Exercise directions
Would you return the data exactly as given, except for its pictures?

Information shown

============================================================

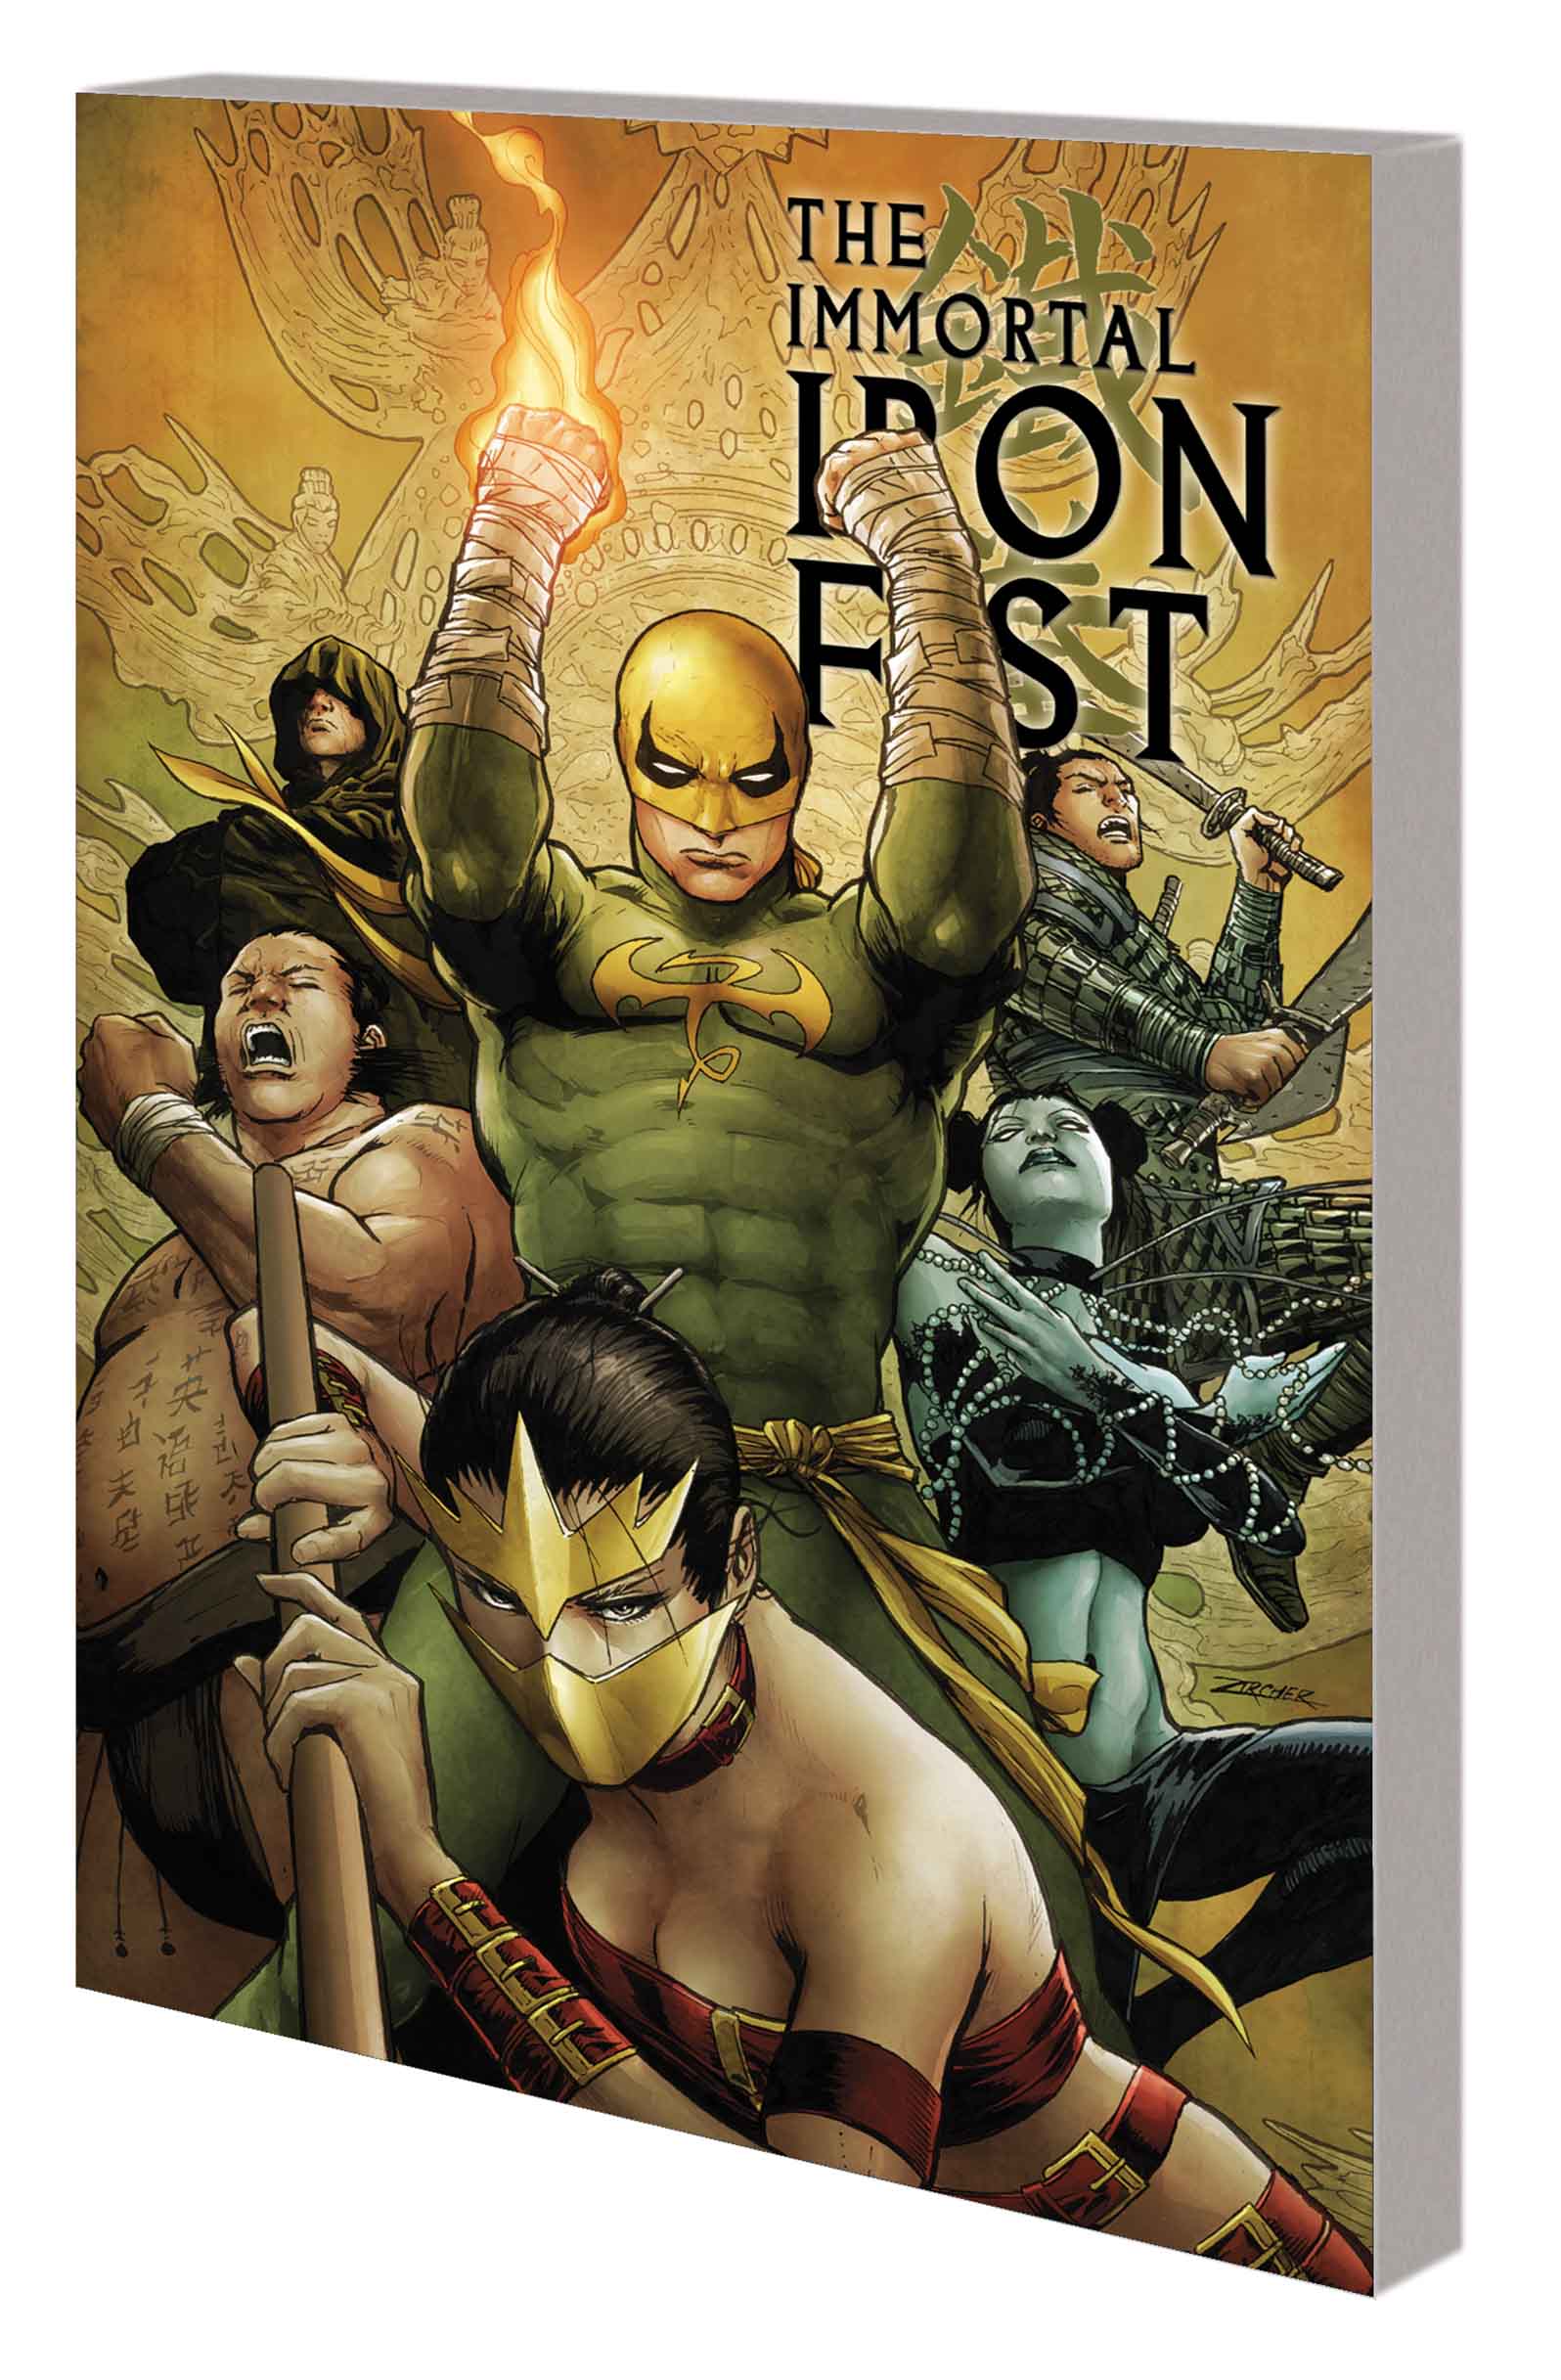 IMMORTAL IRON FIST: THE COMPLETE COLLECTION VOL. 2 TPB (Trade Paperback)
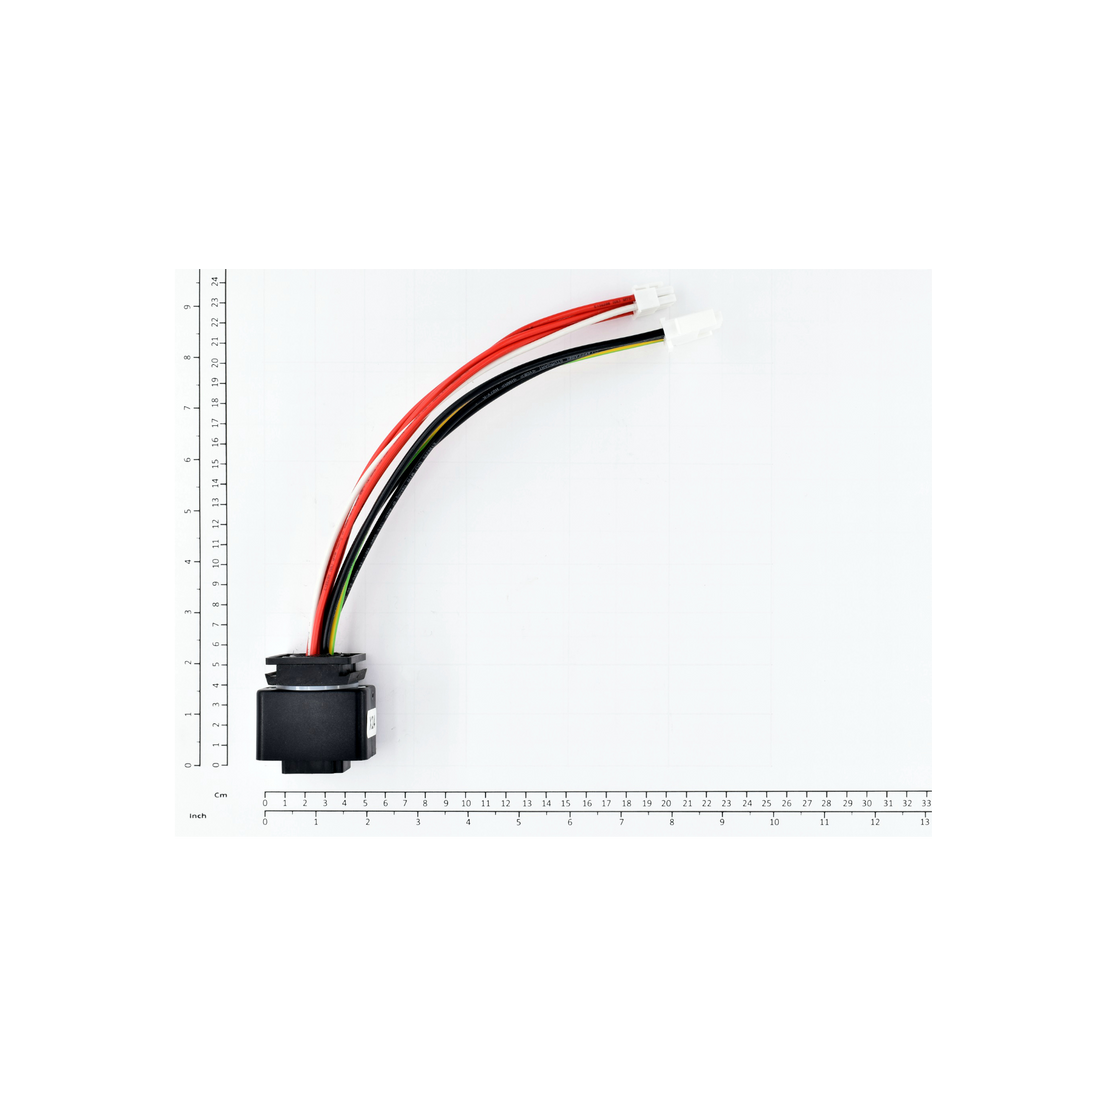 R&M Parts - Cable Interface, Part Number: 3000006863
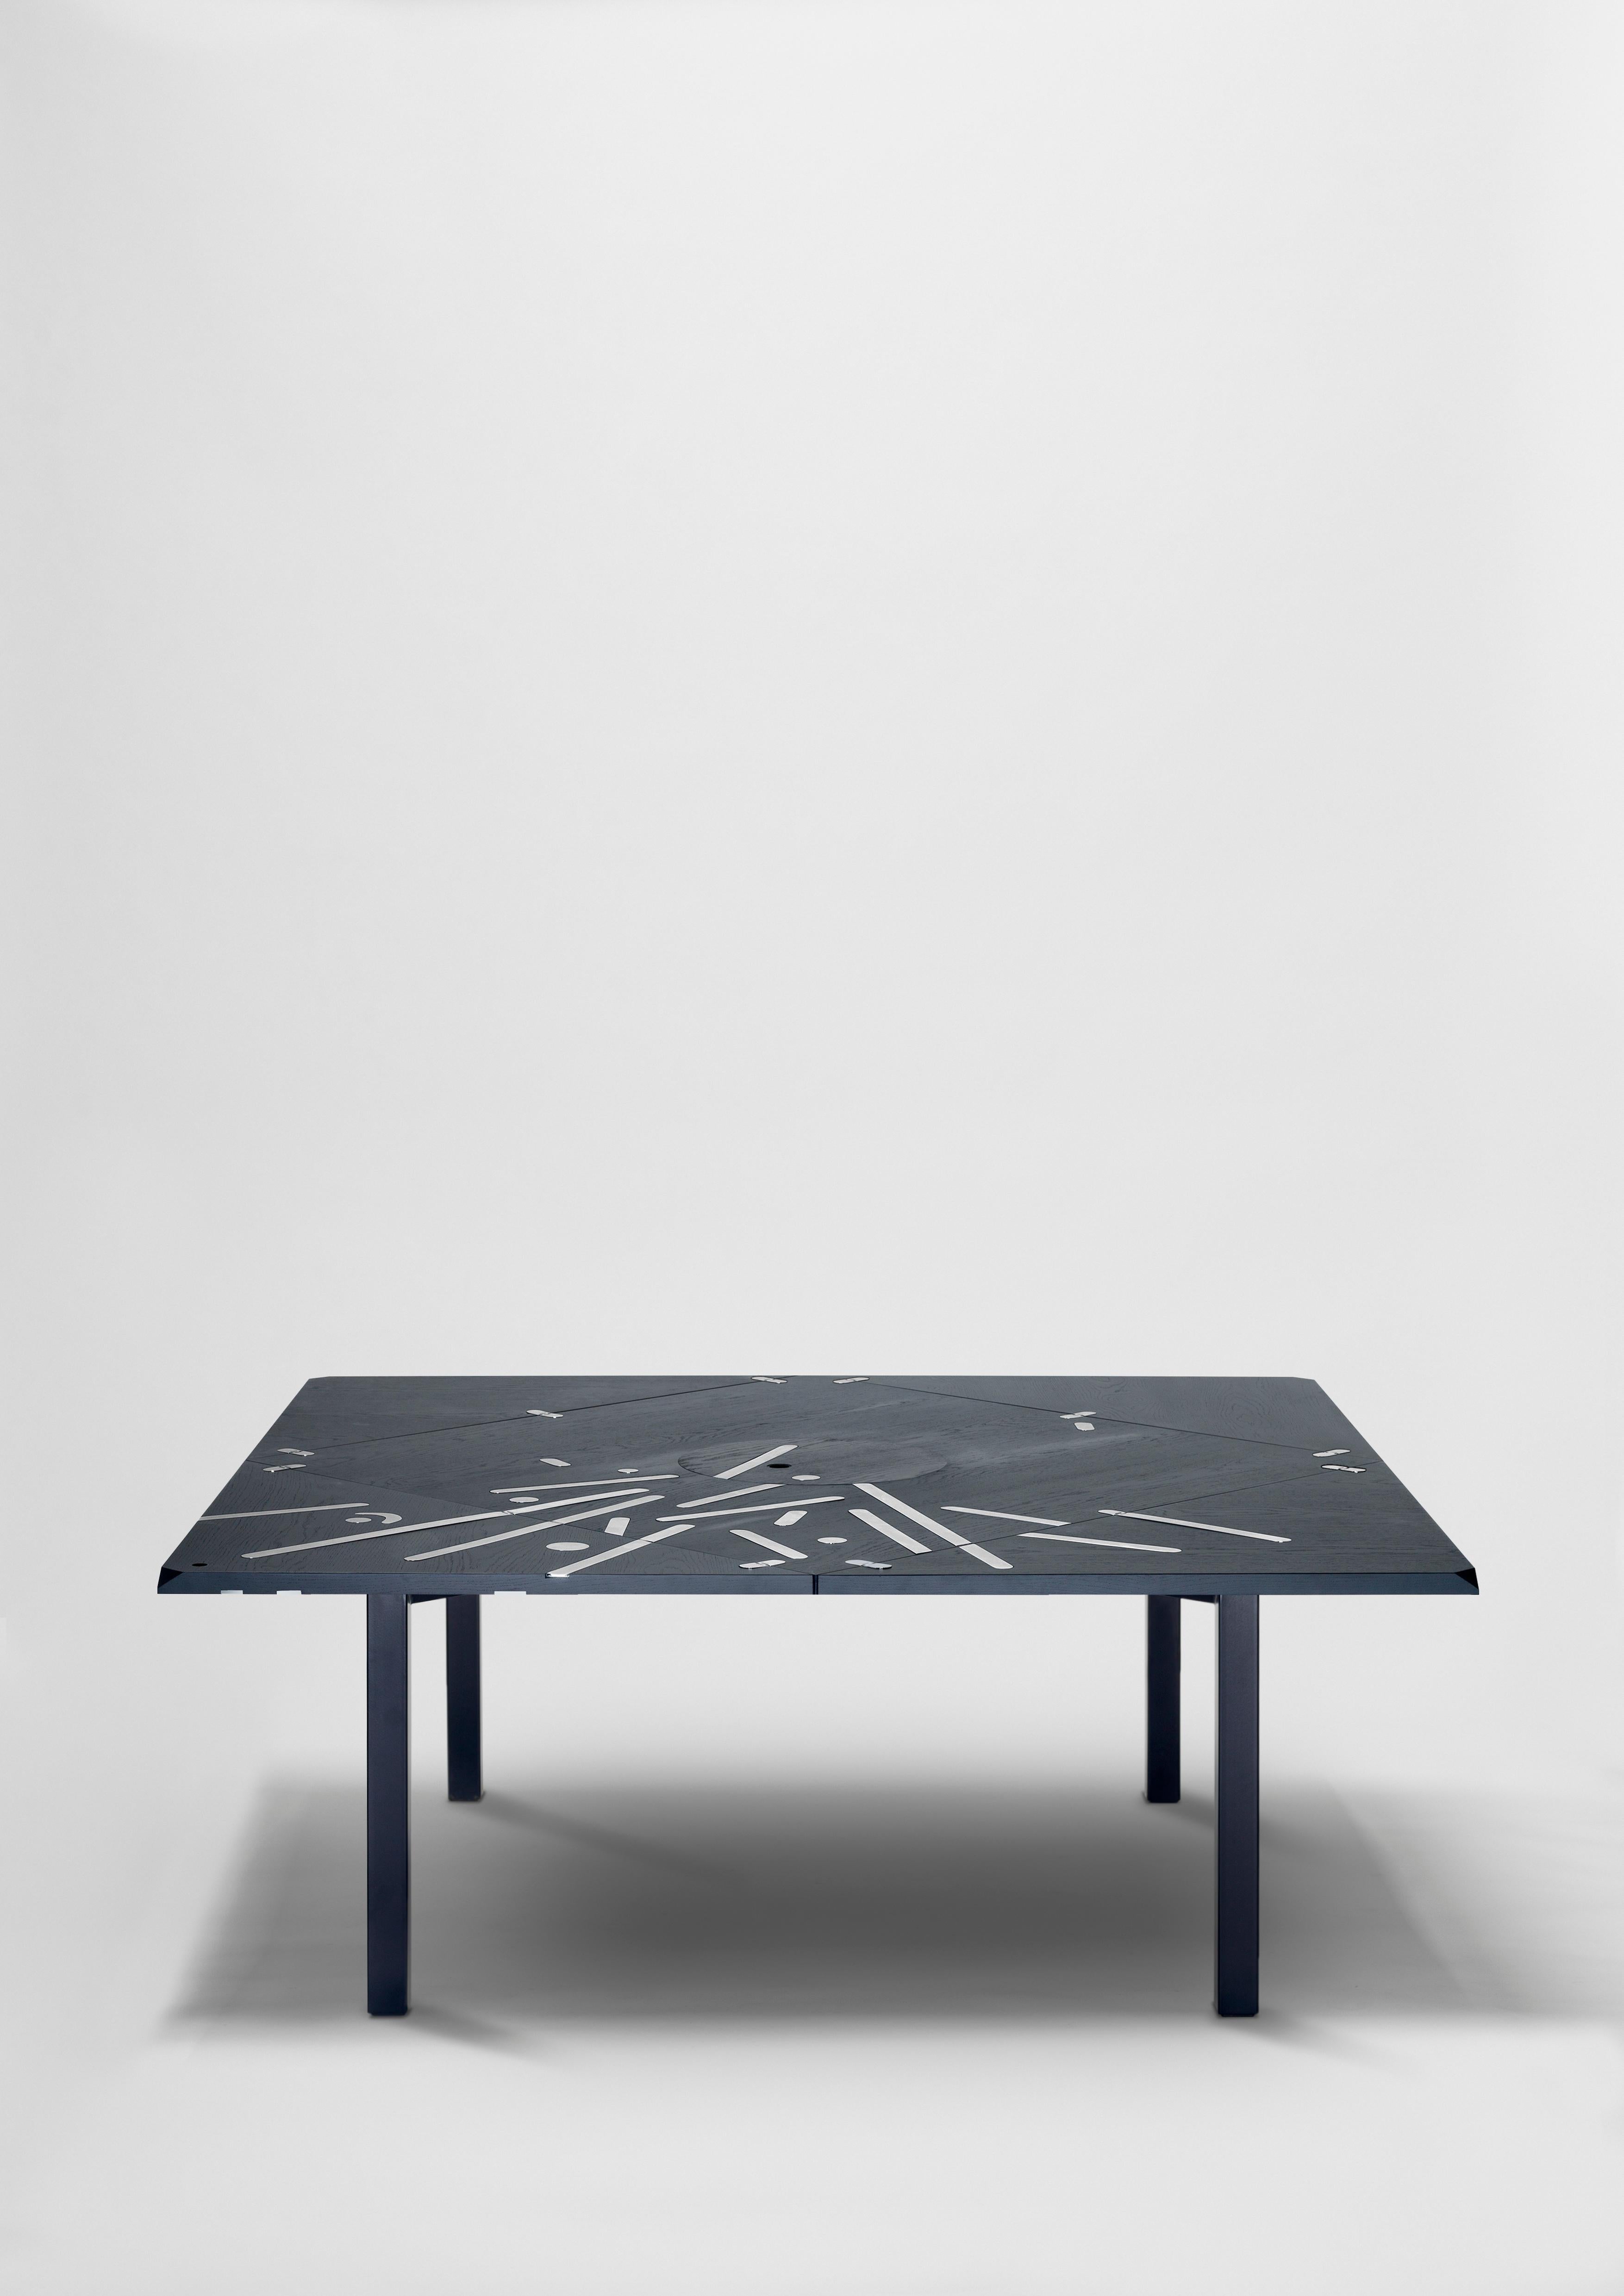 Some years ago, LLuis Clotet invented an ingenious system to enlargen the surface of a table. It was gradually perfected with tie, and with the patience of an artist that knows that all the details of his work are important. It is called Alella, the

============================================================

Output below
 IMMORTAL IRON FIST: THE COMPLETE COLLECTION VOL. 2 TPB (Trade Paperback)
 R&M Parts - Cable Interface, Part Number: 3000006863
 Some years ago, LLuis Clotet invented an ingenious system to enlargen the surface of a table. It was gradually perfected with tie, and with the patience of an artist that knows that all the details of his work are important. It is called Alella, the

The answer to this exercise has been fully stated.